EXERCISE DESCRIPTION: From start to end, write out the following data exactly, apart from its images.

THE DATA:
###

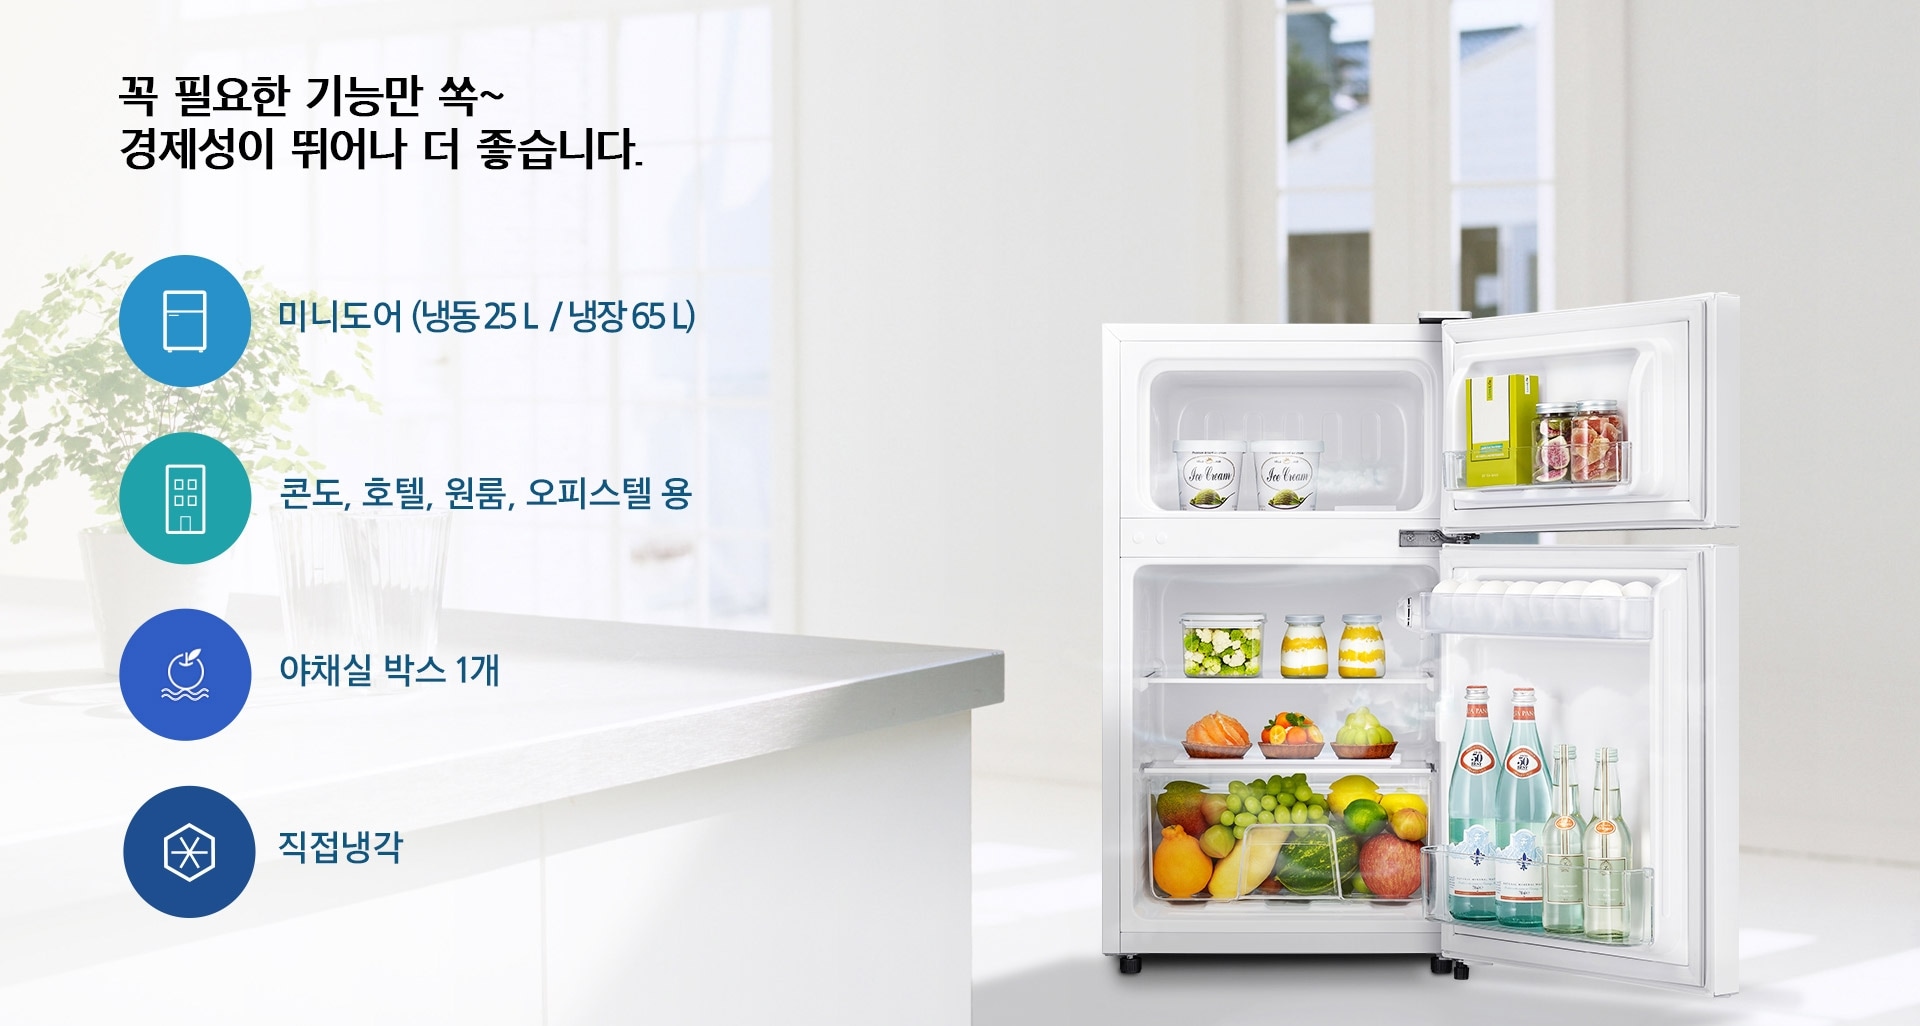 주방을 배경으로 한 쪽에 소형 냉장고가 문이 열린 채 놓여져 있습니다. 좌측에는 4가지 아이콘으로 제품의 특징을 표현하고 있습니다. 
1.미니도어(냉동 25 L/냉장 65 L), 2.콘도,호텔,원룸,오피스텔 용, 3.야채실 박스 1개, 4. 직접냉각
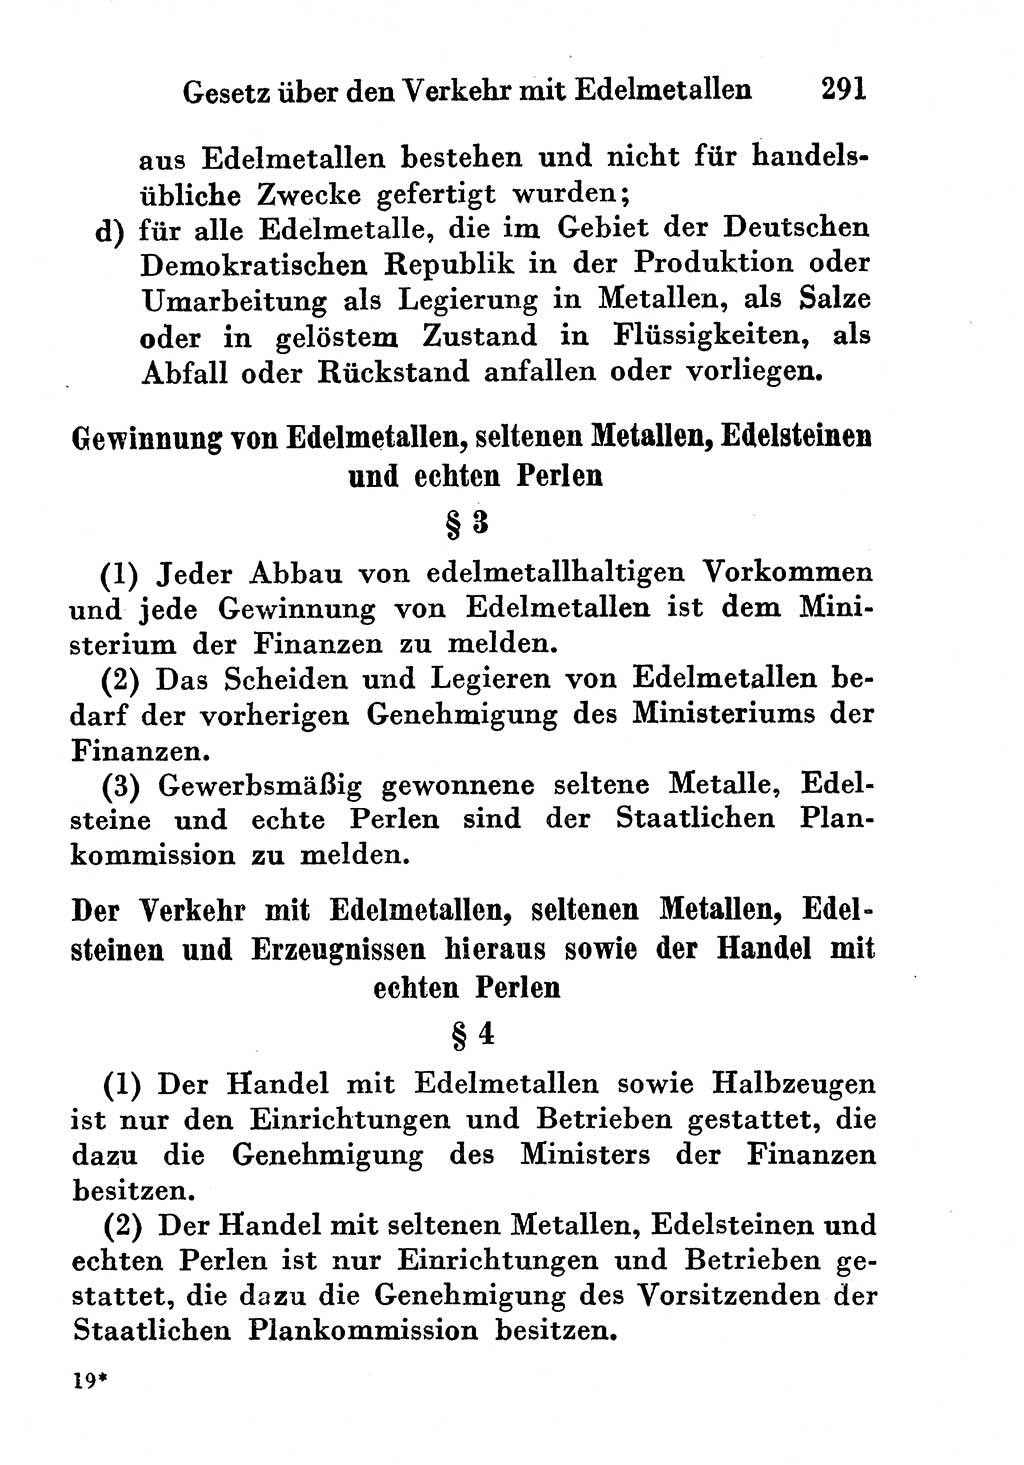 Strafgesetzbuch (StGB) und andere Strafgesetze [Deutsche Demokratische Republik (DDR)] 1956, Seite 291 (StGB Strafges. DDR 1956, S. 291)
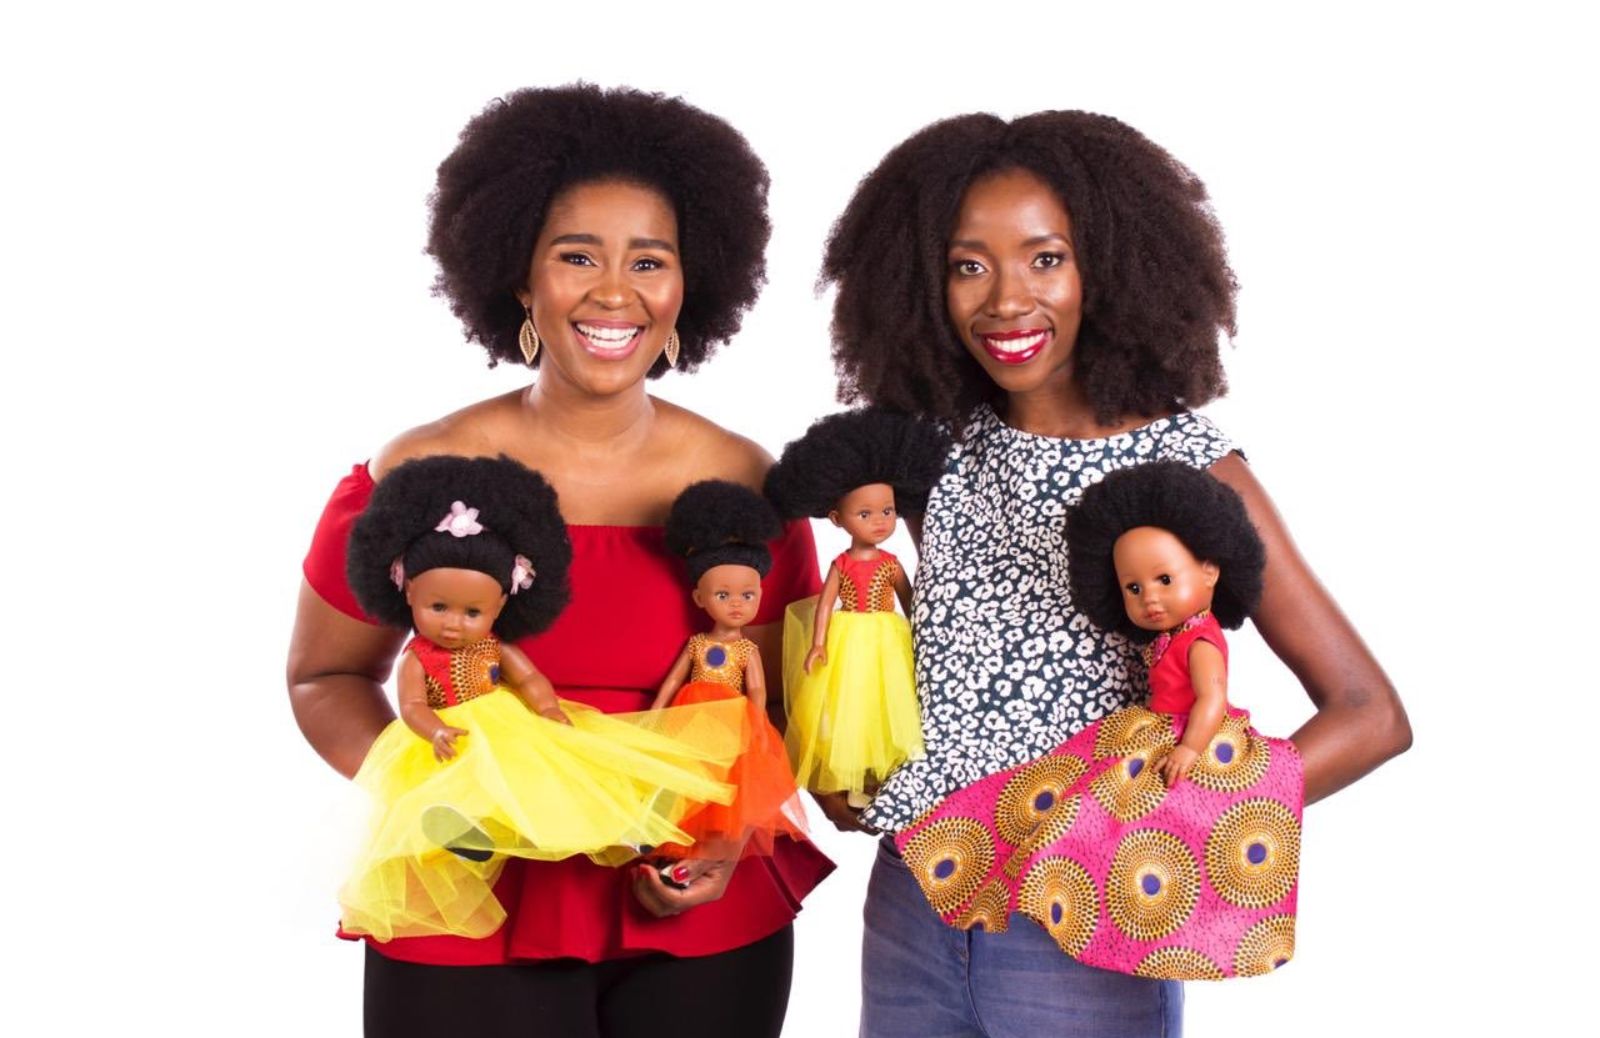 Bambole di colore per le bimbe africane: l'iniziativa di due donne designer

###

ANSWER:
 주방을 배경으로 한 쪽에 소형 냉장고가 문이 열린 채 놓여져 있습니다. 좌측에는 4가지 아이콘으로 제품의 특징을 표현하고 있습니다. 
1.미니도어(냉동 25 L/냉장 65 L), 2.콘도,호텔,원룸,오피스텔 용, 3.야채실 박스 1개, 4. 직접냉각
 Strafgesetzbuch (StGB) und andere Strafgesetze [Deutsche Demokratische Republik (DDR)] 1956, Seite 291 (StGB Strafges. DDR 1956, S. 291)
 Bambole di colore per le bimbe africane: l'iniziativa di due donne designer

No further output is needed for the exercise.